"I saw him, I saw him with my own eyes:
he was the same as always; he was the same;
he was the old chieftain;
he was the rural chieftain!..."
Luis de Tapia.
The word cacique originally meant "principal person of a town" and did not have a pejorative connotation, related to the exercise of arbitrary, illegitimate and corrupt power. The acquisition of this last meaning is the result of the ideological-political confrontations that took place especially in the 19th century. Some of the main meanings of the word cacique have to do with the historical process that led to the opposition and substitution of an old economic and political order, the manorial or Old Regime, for a new one, the capitalist.
The caciques could be rich people who abused their wealth or other people who could abuse their political power. In short, mayors, doctors, pharmacists and other professionals, various bureaucrats and landowners could become centers of networks of followers or clients at the local level.
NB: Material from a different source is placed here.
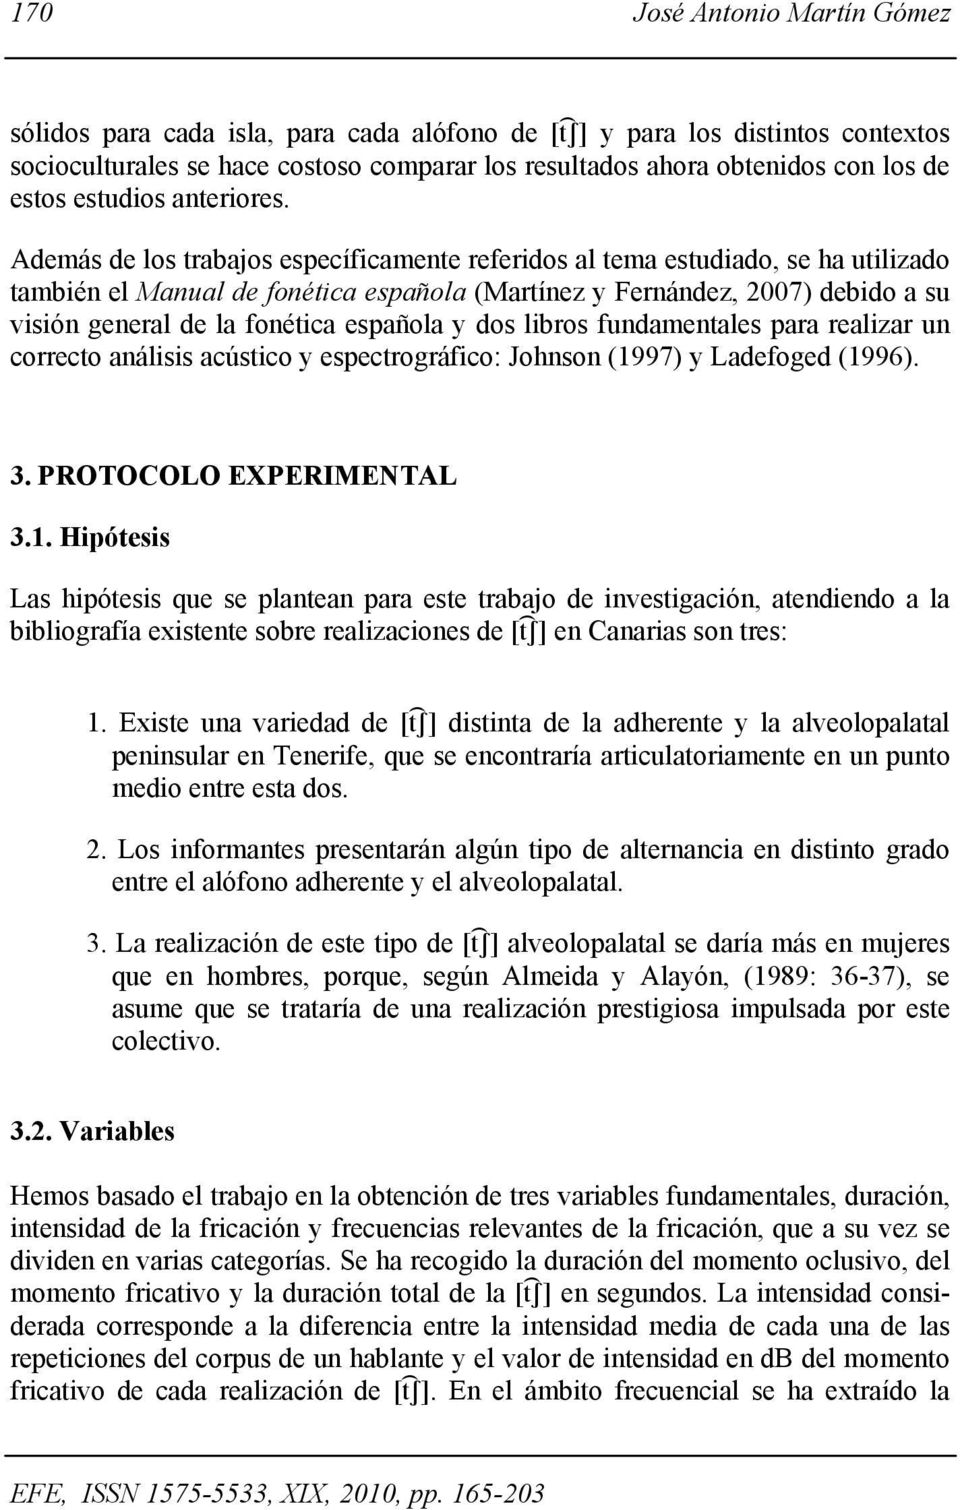 Además de los trabajos específicamente referidos al tema estudiado, se ha utilizado también el Manual de fonética española (Martínez y Fernández, 2007) debido a su visión general de la fonética

And they, in turn, be clients of other powerful caciques located in the cities or in the administrative centers.
Through the establishment of particular relationships with these people, their followers hoped to obtain resources, material or instrumental, such as land, employment, assistance, protection, loans or other benefits from the state administration, means to contact powers beyond the local community, for example, through "letters of recommendation" or "connections". At the same time, the followers or clients ensured various forms of services: loyalty to their employees, interest in the care of their assets, symbolic or material, supply of information relating to local affairs, political support...
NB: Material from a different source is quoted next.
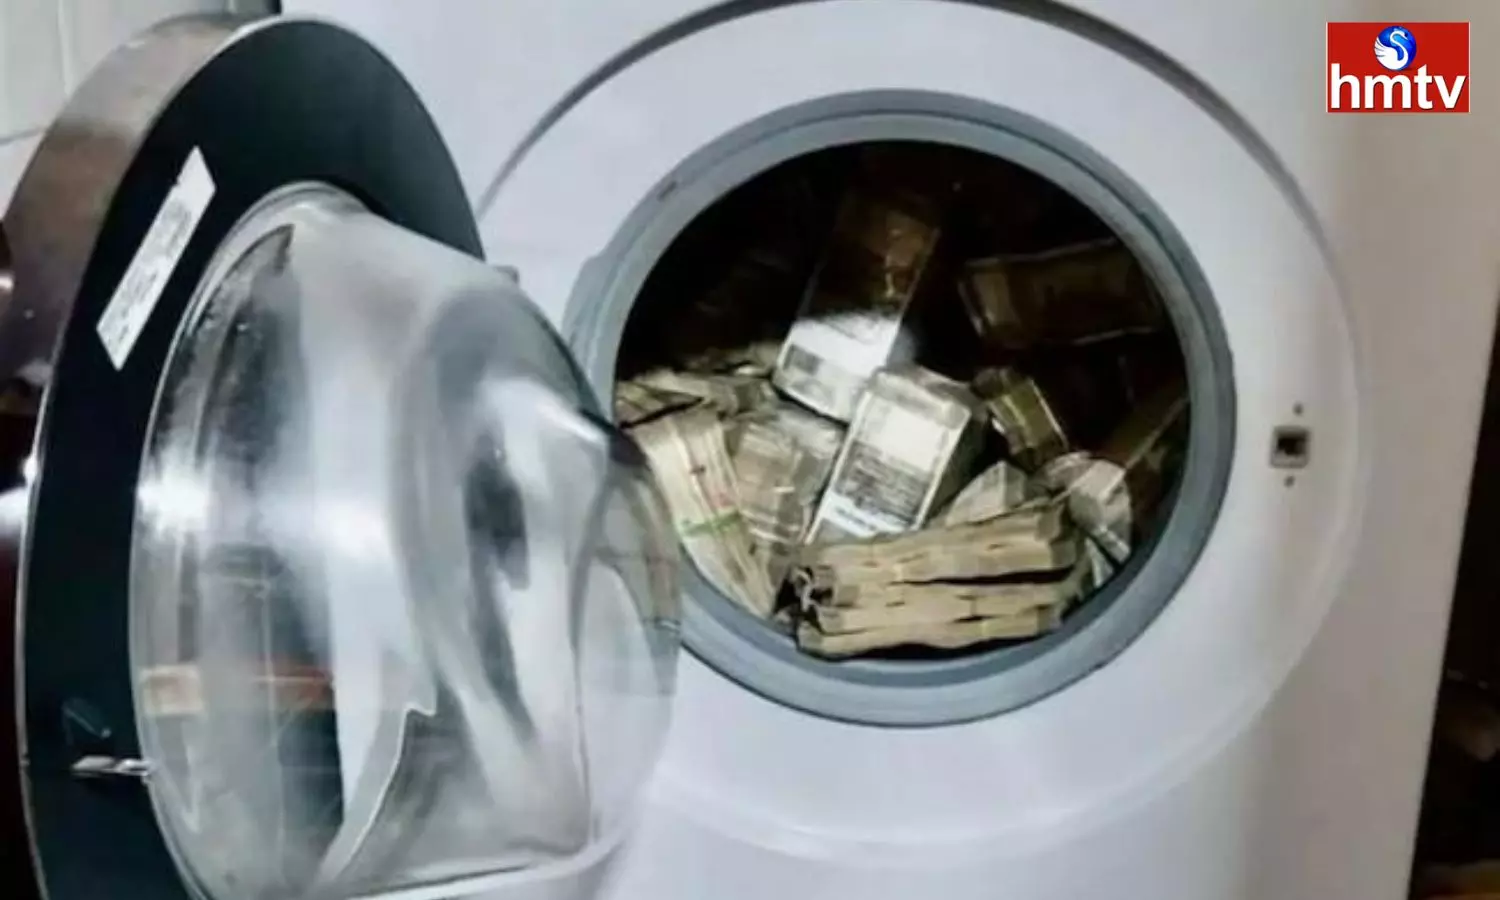 ED Found huge cash in Washing Machine

The political and administrative centralization that took place throughout the 19th century created a series of goods that were, at the same time, cheap and inexhaustible and, at the same time, often vital for citizens: administrative decisions (authorizations, certificates, exemptions, etc.). In the administration of these "decisions" local officials obeyed the caciques and, at the same time, were protected by them. In this way, the administration could be inefficient in many ways and caciquismo grew on the illegality of its own decisions, sometimes by action and other times by omission.
In relation to the impression of inefficiency that derived from such an exercise of the administration, JoaquĆn Costa, in his book Oligarchy and Caciquismo, writes: "Each region and each province was dominated by an irresponsible individual, deputy or not, commonly nicknamed in this relationship cacique, without whose will or approval not a sheet of paper was moved, no file was dispatched, no exemption was declared, no judge was appointed, no work was undertaken, for him there was no law of fifths, no water law, no hunting law, no municipal law, no trial laws, no electoral law, no consumption instruction, no fiscal laws, no regulation of the Civil Guard, no Constitution, no State policy: Courts, Audiences, civil governors, provincial councils, central administration, were an instrument of his, neither more nor less than if they had been created to serve him".
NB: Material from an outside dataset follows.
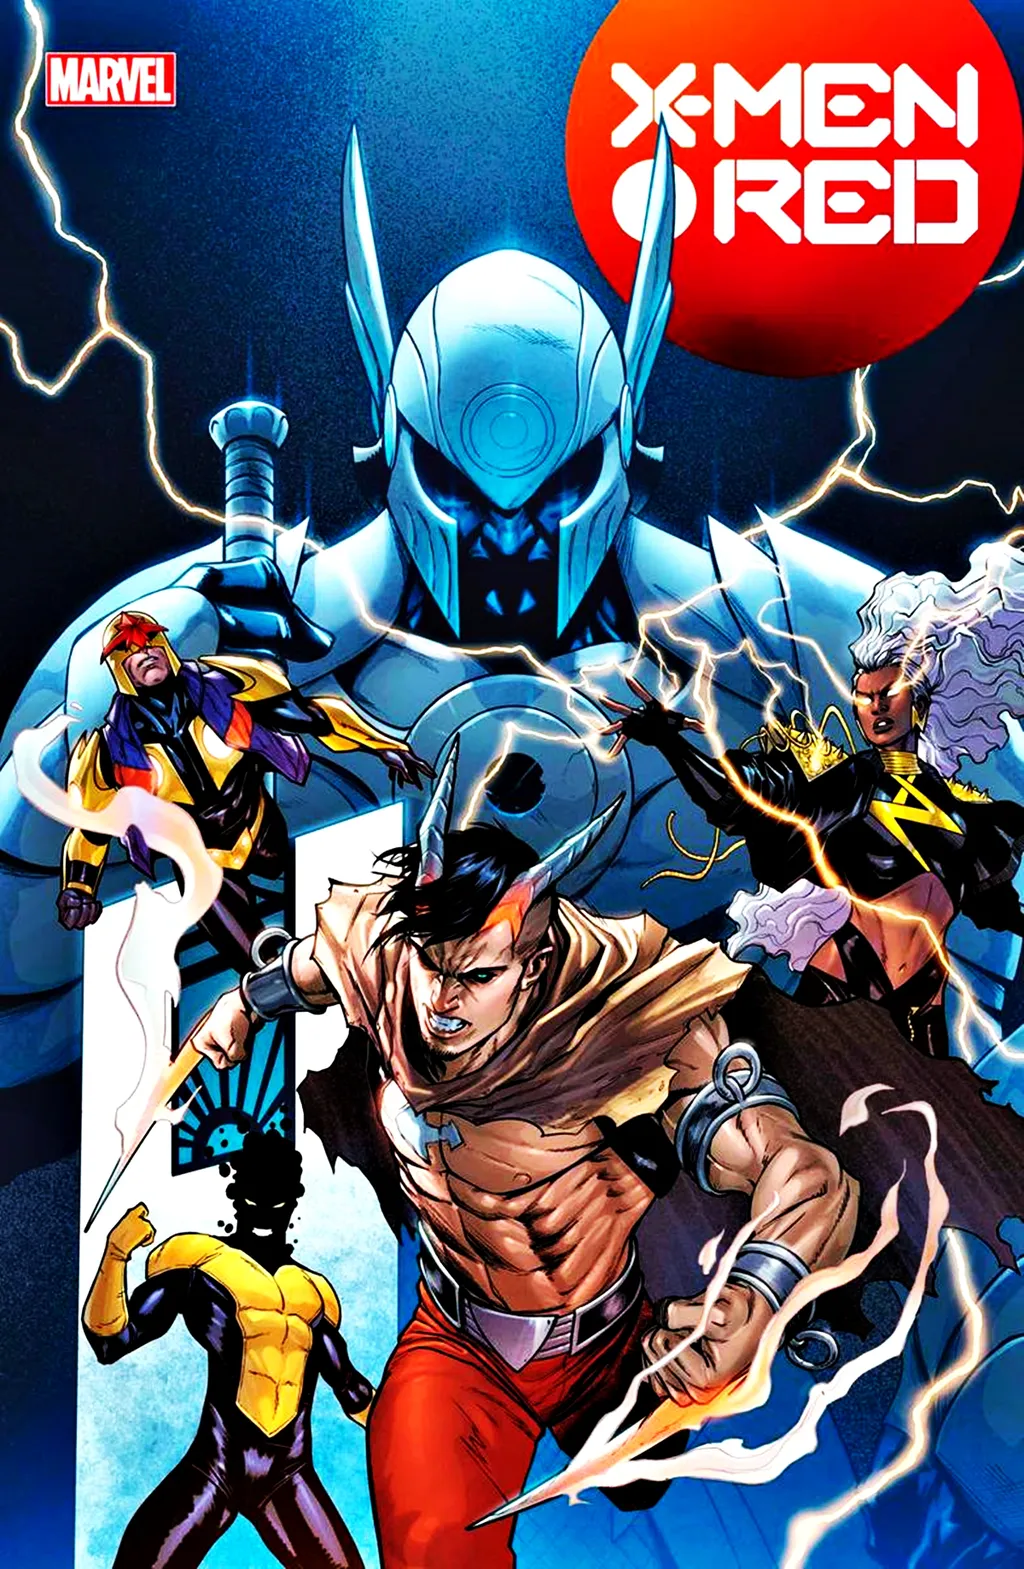 Novo Wolverine de nível Ômega possui suas próprias garras (Imagem: Reprodução/Marvel Comics)

Currently, in many of our towns the word "cacique" is often contrasted with the word "man". "Being a man" implies having "your feet firmly on the ground", "standing in your place". "Being a cacique" implies abandoning this place and going to "get under" the "master, gentleman or capitalist". And it is that, as the poet said: "That they buy you does not surprise me, / that you sell yourself... that's right!, / and what I least understand / is that it doesn't surprise you".